| Bug #23795 | Year < 0100 is misjudged in to_days() function | ||
|---|---|---|---|
| Submitted: | 31 Oct 2006 8:37 | Modified: | 1 Nov 2006 12:15 |
| Reporter: | Kei SAKAI (OCA) | Email Updates: | |
| Status: | Not a Bug | Impact on me: | |
| Category: | MySQL Server | Severity: | S3 (Non-critical) |
| Version: | 5.1.11 | OS: | |
| Assigned to: | CPU Architecture: | Any | |
[1 Nov 2006 12:15]
Valeriy Kravchuk
Sorry, but according to the manual (http://dev.mysql.com/doc/refman/5.1/en/datetime.html): "The DATETIME type is used when you need values that contain both date and time information. MySQL retrieves and displays DATETIME values in 'YYYY-MM-DD HH:MM:SS' format. The supported range is '1000-01-01 00:00:00' to '9999-12-31 23:59:59'." So, year 50 is just not supported anywat, and 0050 is still converted to 2050, as described at http://dev.mysql.com/doc/refman/5.1/en/date-and-time-functions.html. This is expected behaviour, I think.

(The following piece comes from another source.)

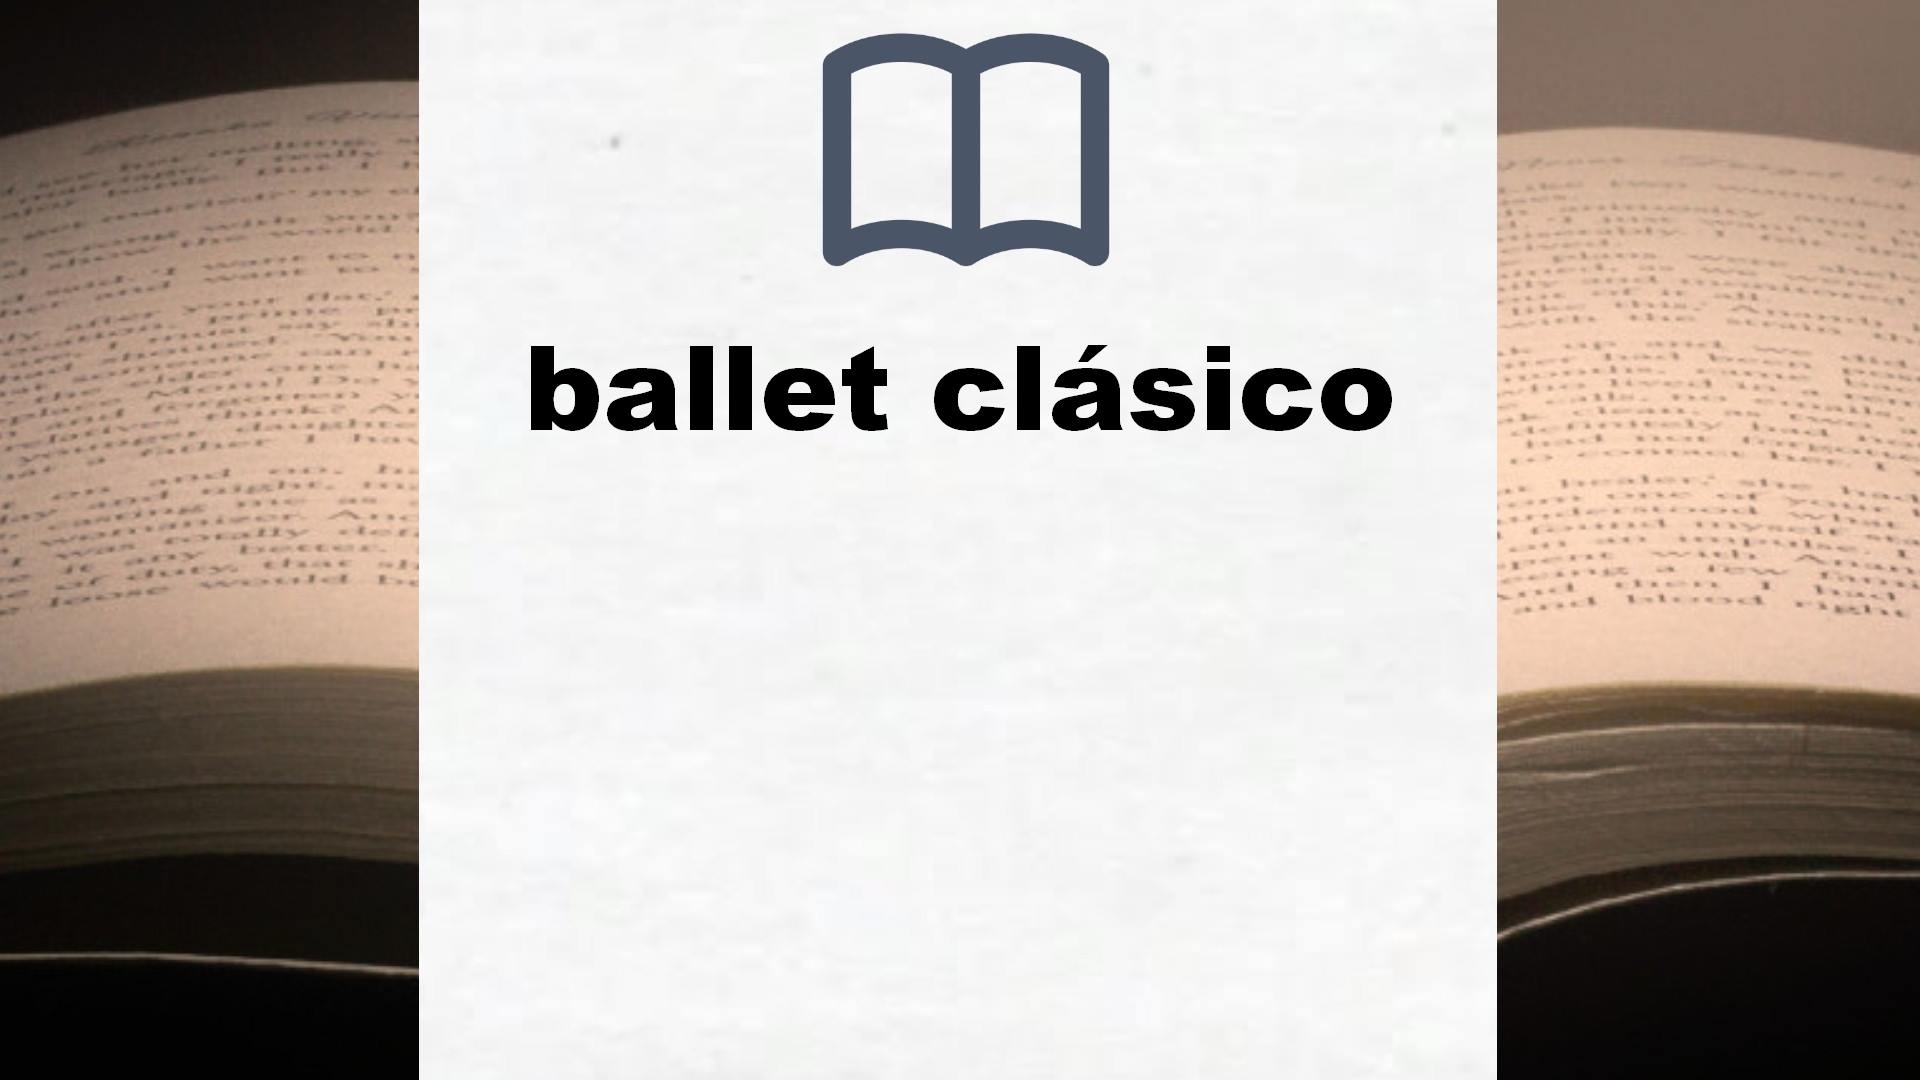 Libros sobre ballet clásico

Description: when four digits year (under 0100, zero filled, like "0050") gives to to_days() function, it may interpreted to "2050". How to repeat: mysql> select to_days("2050-01-01 00:00:01"); +--------------------------------+ | to_days("2050-01-01 00:00:01") | +--------------------------------+ | 748748 | +--------------------------------+ 1 row in set (0.00 sec) mysql> select to_days("0050-01-01 00:00:01"); # MySQL judges not "0050" but "2050". +--------------------------------+ | to_days("0050-01-01 00:00:01") | +--------------------------------+ | 748748 | +--------------------------------+ 1 row in set (0.00 sec) mysql> select to_days("50-01-01 00:00:01"); +------------------------------+ | to_days("50-01-01 00:00:01") | +------------------------------+ | 748748 | +------------------------------+ 1 row in set (0.00 sec)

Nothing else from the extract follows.